On company stores, the mining towns were extremely isolated and the miners didn’t have other options. Almost the same for lumber, where the last few company towns have just been winding down.

6

Oliver 01.19.11 at 5:59 pm

Exactly this problem is traditionally solved by adjustment in exchange rates. The German government did not impose low wage growth on its citizens. It is unclear to me how a country could intentionally lower its exports. A country could boost imports, but that is not really the problem, is it?
If the rest of Europe would like to live in a common currency area with Germany, it has to play by German rules.

7

Steve LaBonne 01.19.11 at 6:04 pm

Adding to 6: and as I pointed out on another one of these threads, the German people didn’t even want the Euro in the first place. So one can certainly blame Euro-enthusiast politicians and technocrats for the mess, but it would be a bit rich to blame German voters.

8

Just another Irish emigrant 01.19.11 at 6:32 pm

“The second view, popular more recently even in traditionally Germanophile Ireland, is essentially the opposite: that Germany is venomous, visiting an economic “Versailles” upon indebted countries by obliging them to pay above market interest rates for rescues that go primarily to repay foreign banks, many of them, you guessed it, German. The problem with this view is that it tends to give Germany both too much credit for masterminding the European rescue plans—when it has made several concessions—while also ignoring Germany’s very real vulnerabilities.”

Care to name these concessions?

Irish taxpayers are stumping up 85 billion euros to cover bad private loans made by private European banks to private Irish banks, are they not? (And paying intrest for the privelage to do so.) So it is an economic Versailles.

However, you are correct that the Germans didn’t mastermind this, the corrupt and incompetent Irish government decided to nationalise all that debt in the first place. Much to the glee of Amsterdam, Paris, Frankfurt and Berlin, no doubt. Once the Irish government proved to be so incredibly stupid, the Germans were only too happy to take advantage of the situation. And why shouldn’t they…

9

Oliver 01.19.11 at 9:31 pm

When Ireland guaranteed the banks, it appeared to be an extreme but sensible emergency measure. Which had become necessary and so large by a disproportionate growth of the Irish financial sector and a real estate bubble.
The Irish government let this happen, perhaps because it lacked a central bank to stop the overheating.

10

Norwegian Guy 01.19.11 at 9:38 pm

I guess it was Versailles in the Bourbon sense, at least.

11

IM 01.19.11 at 10:53 pm

I would like to see the numbers. Perhaps I will even do it myself: If you add up eastern Europe and throw in a lot of the periphery, for how much of german exports it does account? Not for much.

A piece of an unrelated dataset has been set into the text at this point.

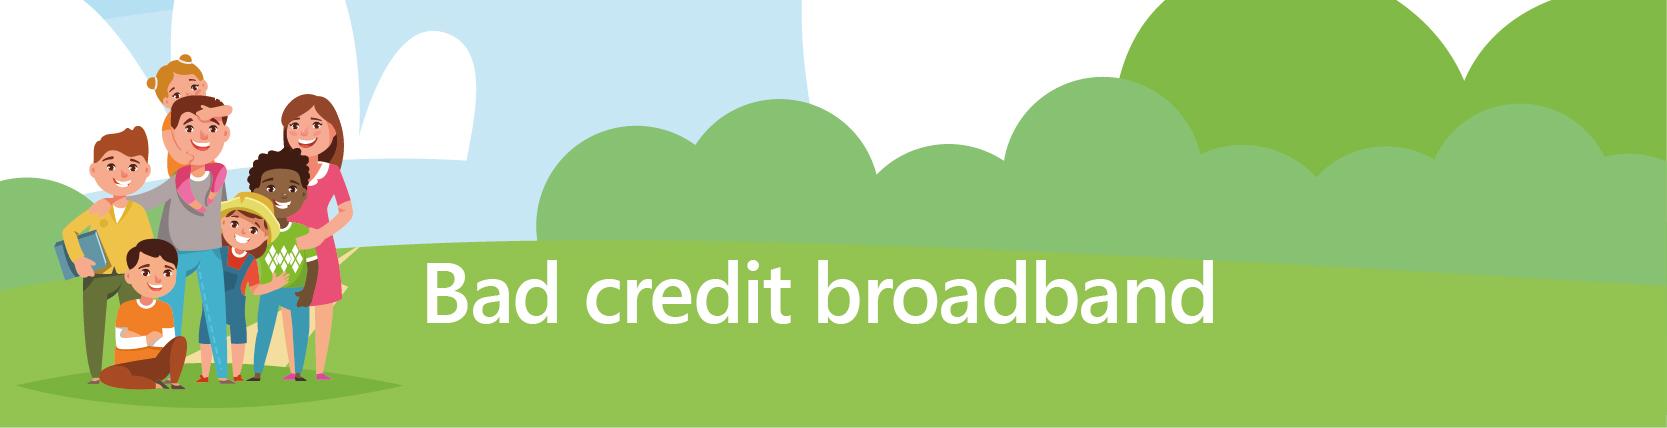 bad credit broadband
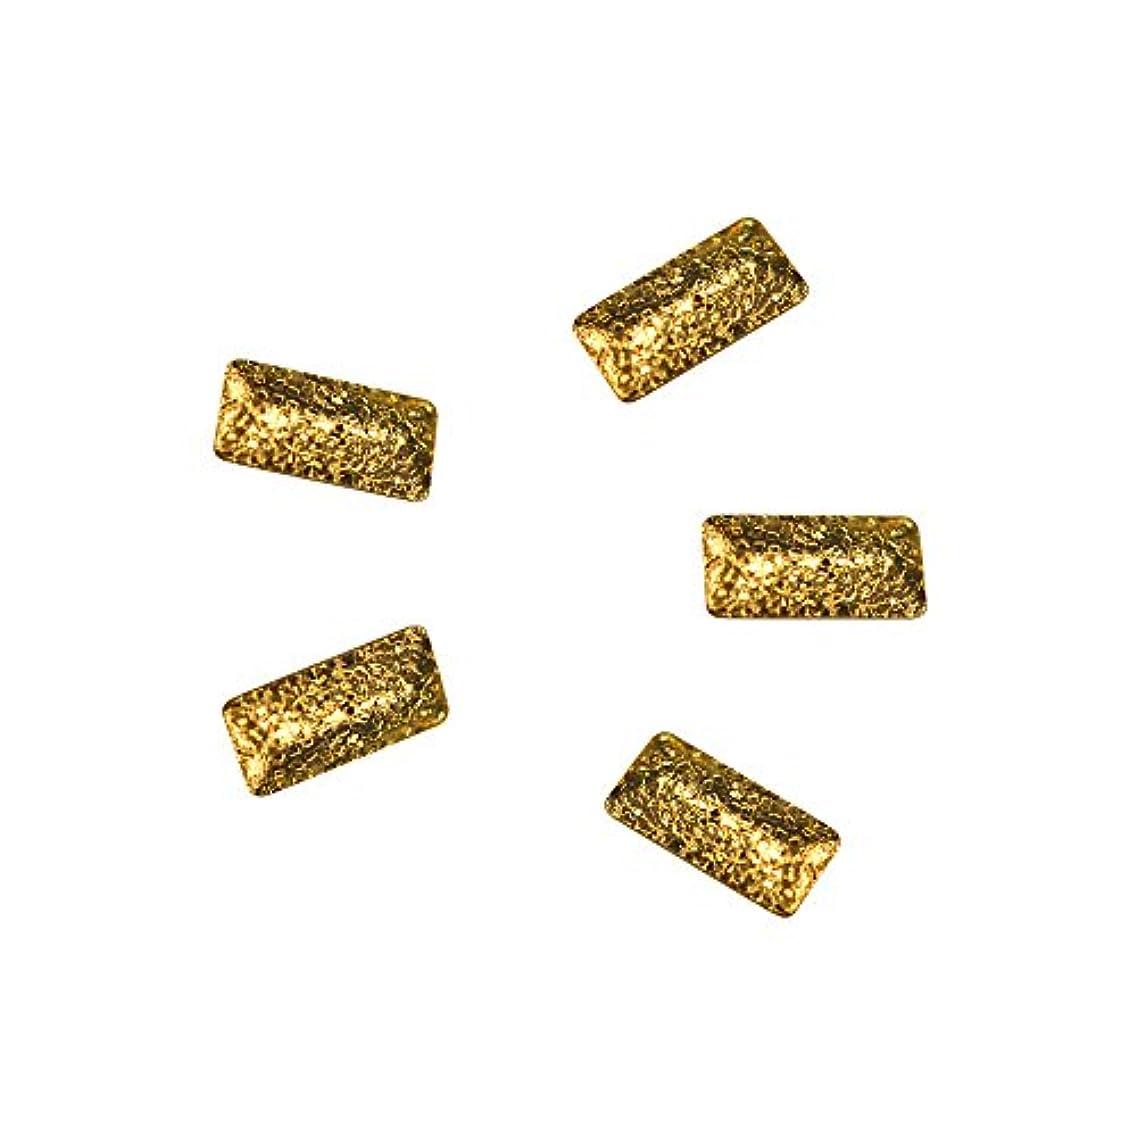 Bonnail ラフスタッズゴールド レクタングル 3×1.2mm 30P

But numbers tell us only so much, so let’s take a look at history. The largest trade partner of Germany is France. I’m sure France has run a deficit in the trade balance with Germany since the fifties or so. Does that depend on german credit? I don’t think so. Can it go on for another sixty years?
You could tell the same story about some other trade partners: Italy, UK, US.

Two others are different: Japan and China. Here the traditional big deficit is on the german side. Can this go on? A popular question in the eighties.

But we know the answer now.

So the answer is quite easy: As long as a country has a balanced current account, it can have a very in balanced trade in goods with China or Japan or Germany.

As for Germany, it just has to balance its current account again: I commend a traditional remedy: Consumption of services ( I mean tourism, not for god’s sake financial services)

12

john c. halasz 01.20.11 at 8:27 am

“It was masked insofar as German reunification led to an impressive inflow of capital from other places in Europe, partly to finance the rebuilding of Eastern Germany. So while Germany continued to run a trade (and therefore) current account surplus, it often ran in deficit on the capital account. ”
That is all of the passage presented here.